Investment/Deal Thesis: Fintech acquisitions vary from bank acquisitions. Economies of scale and global growth are less important. Instead, acquirers should evaluate target markets, client demands, ecosystem participants, and technological advances. Acquiring banks must also be realistic about their growth rate, which is typically associated with technological modernization when estimating value potential. Banks judge acquisition performance by internal rate of return, whereas fintech concentrates on market share, product, and customer growth. To retain value, banks should connect their KPIs to the transaction thesis.
Pre-deal diligence should concentrate on “new” investment thesis features. These include IT and platform consequences, client segment preferences, size, and growth, competitive dynamics, risk, and possible tax and legal responsibilities.

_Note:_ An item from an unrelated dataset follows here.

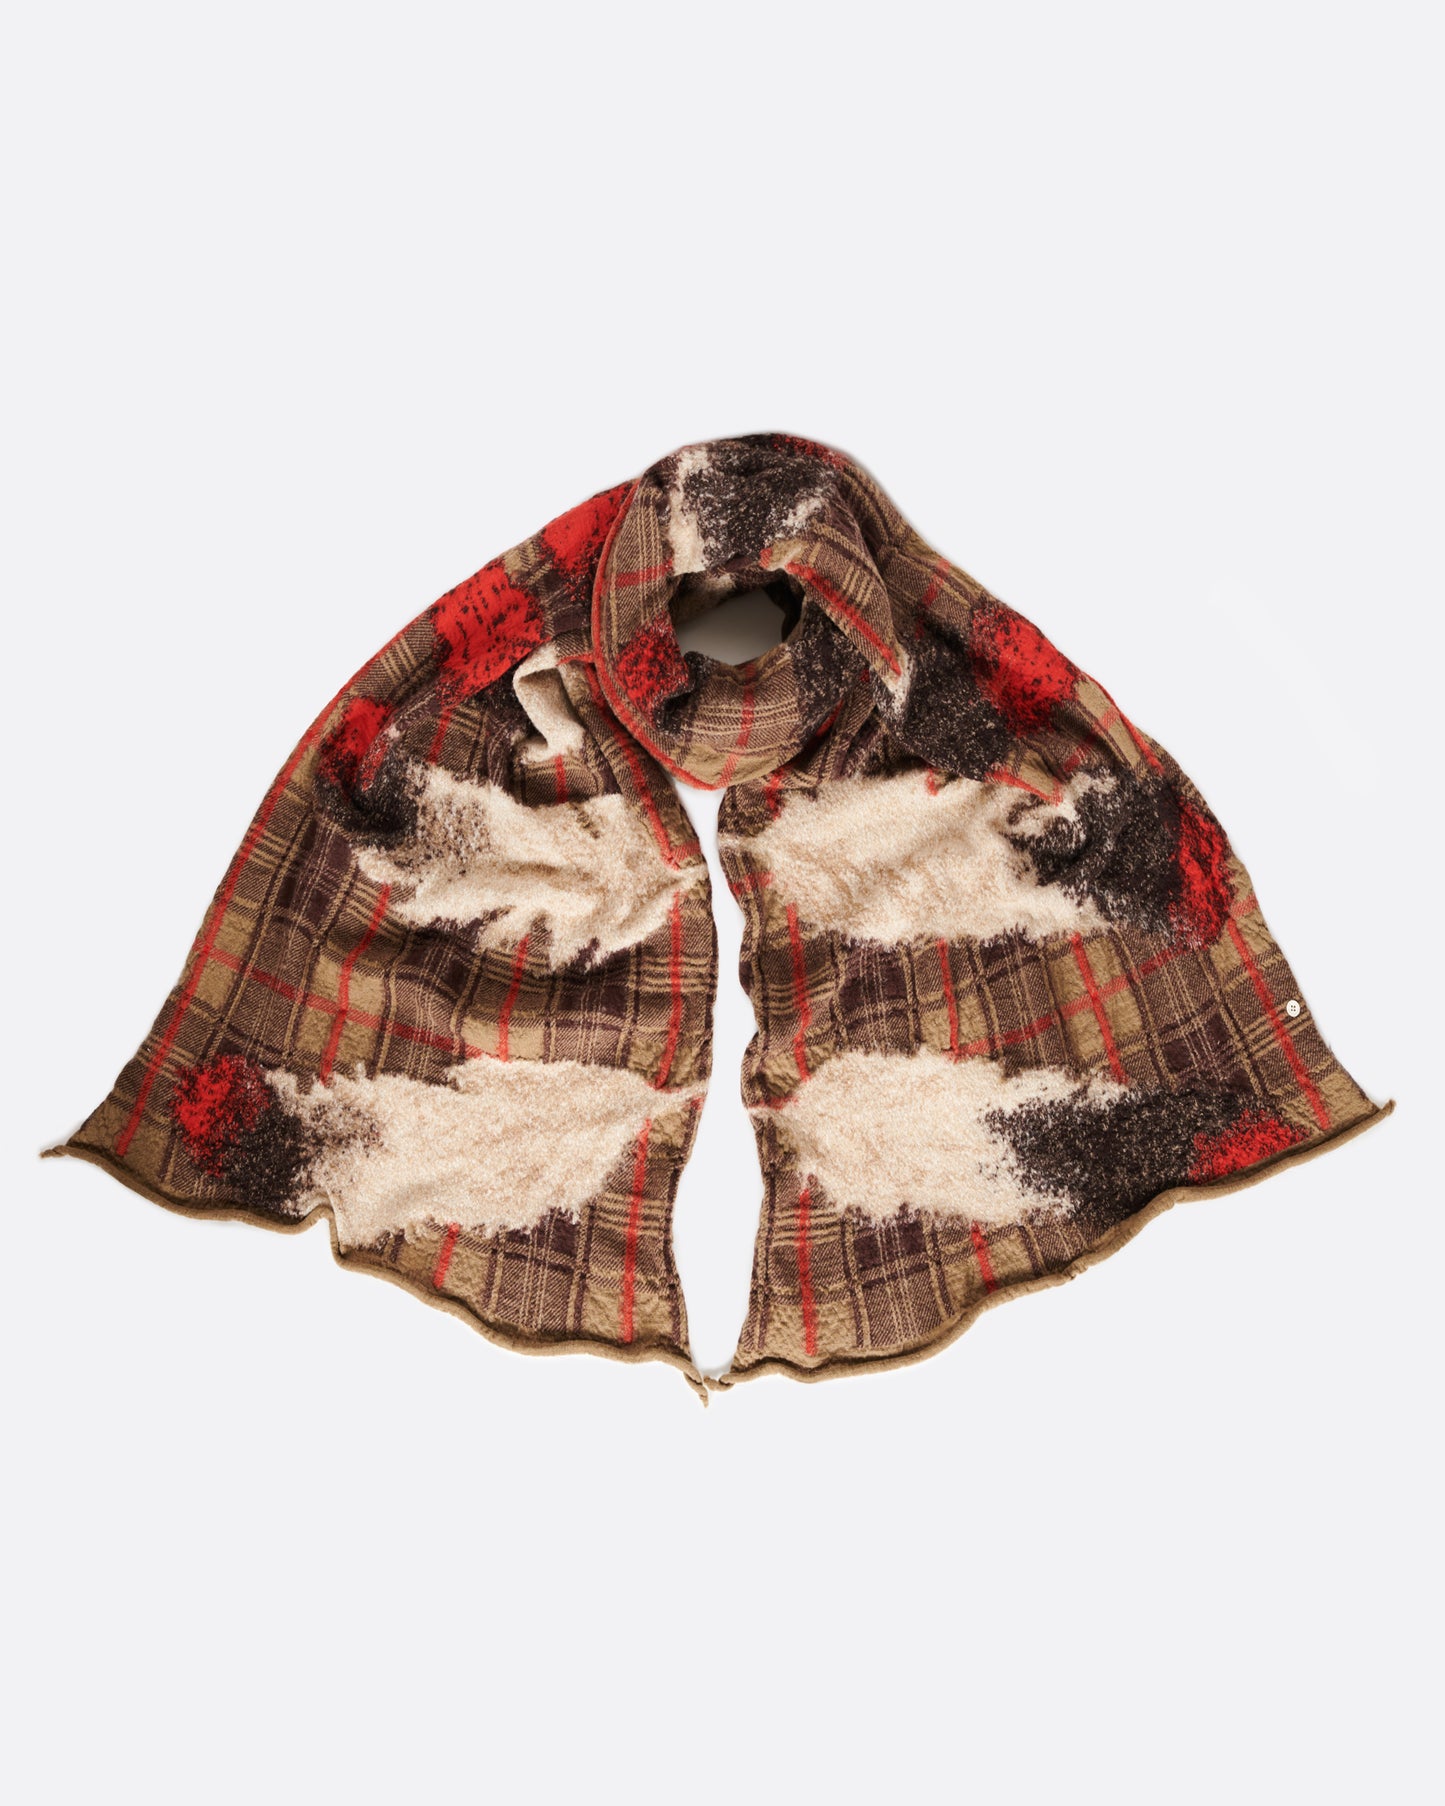 This scarf combines traditional Scottish tartan with long, majestic feathers.

Fintech acquisitions depend on the technology platform for technical scrutiny. Platform-centric investigation that evaluates business fit, future roadmap, development capabilities, technological maturity and flexibility, stability and performance, scalability, data security, supportability, and ecosystem integration can help make the transaction choice. This helps to acquire banks and determine the technological value and market direction. Technology fluidity necessitates market analysis.
An acquirer should also consider how consumers are changing and embracing new goods and services, and how rivals are investing in technology, channels, services, and more to match changing customer expectations. Teams must also grasp and explain the talent strategy to acquire and retain essential talents and promote culture.

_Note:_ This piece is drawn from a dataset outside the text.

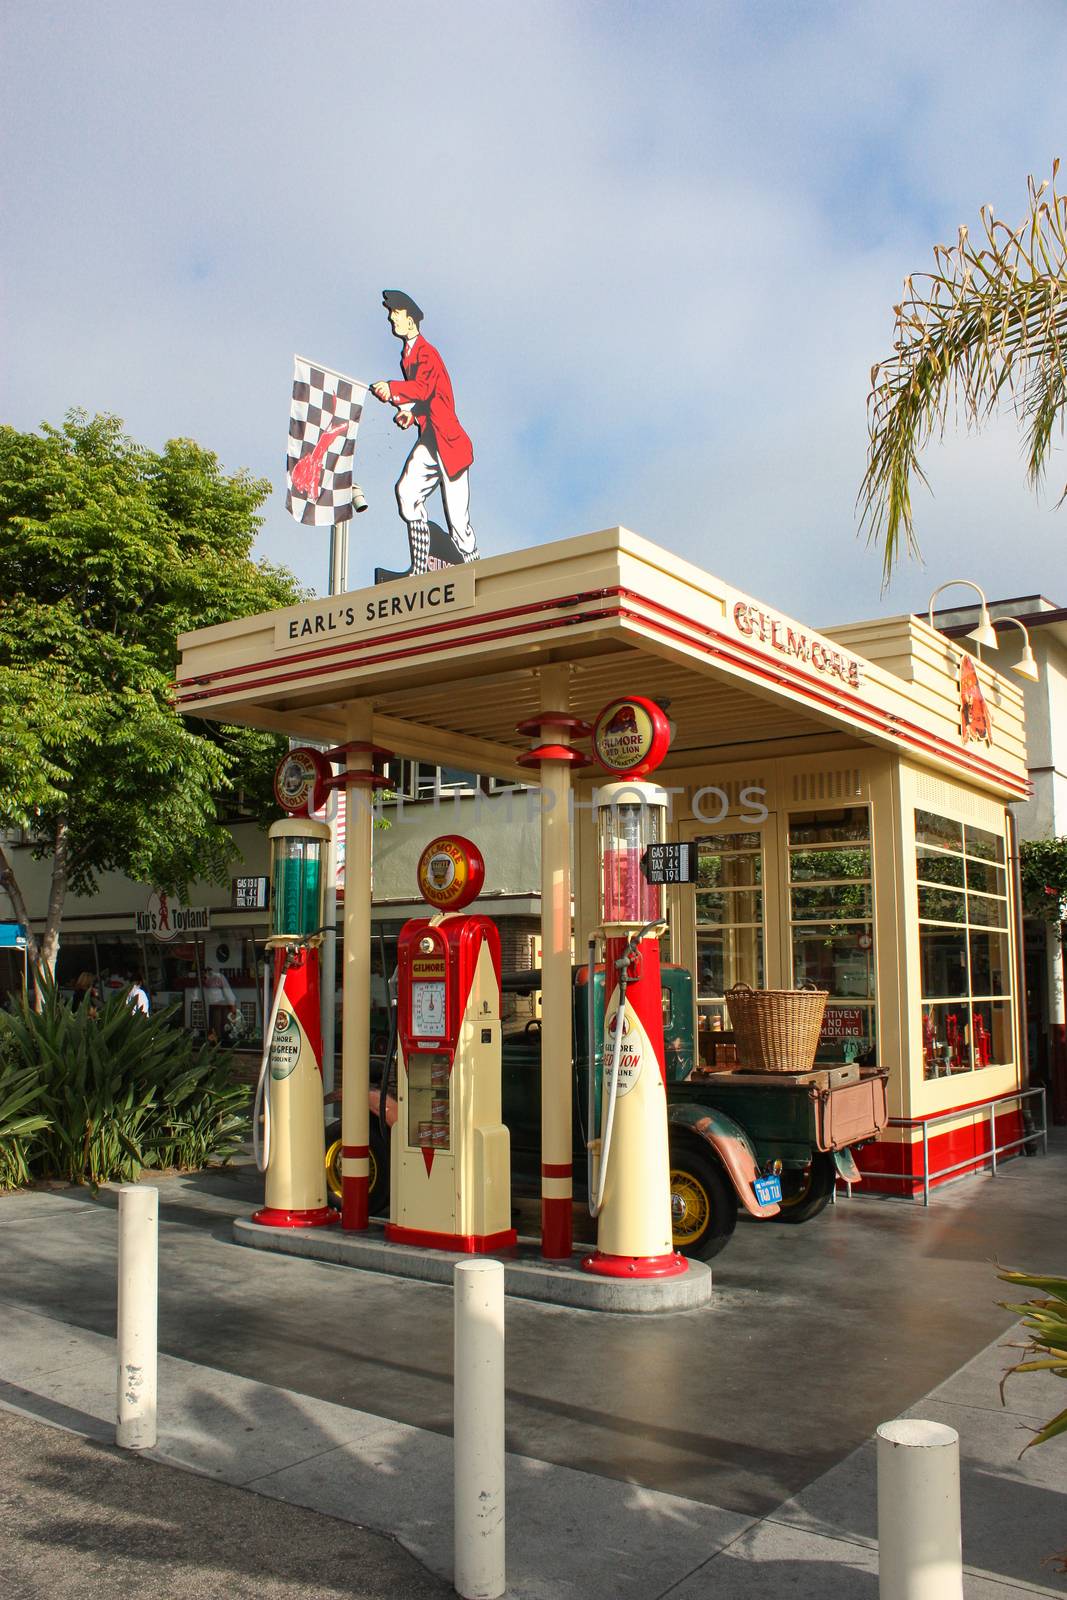 Petrol station in retro style by AndrewBu

Technology advances quickly, making once-attractive targets outdated. To choose the optimum integration plan, banks must understand how the fintech acquisition can benefit their long-term growth goal. Is it an acquisition to expand into new markets or to create new capabilities? This determines the form of integration: purchasing the IP, tuck-in, stand-alone, joint venture, the culture of cultures (holding company), or completely integrating while maintaining value, growth potential, and culture.
Fintechs must retain and hire Top-Notch fintech software development companies. Banks must preserve or enhance the employee value proposition and carefully describe the culture of their new acquisition to retain talent. Assessing both cultures helps uncover the united entity’s important traits (e.g., entrepreneurial, fun, risk-taking vs. averse, etc.). The merged business must also identify the major skill shortages and devise a plan to address them via internal development, recruitment, or outsourcing (“create, buy, borrow, or bot”).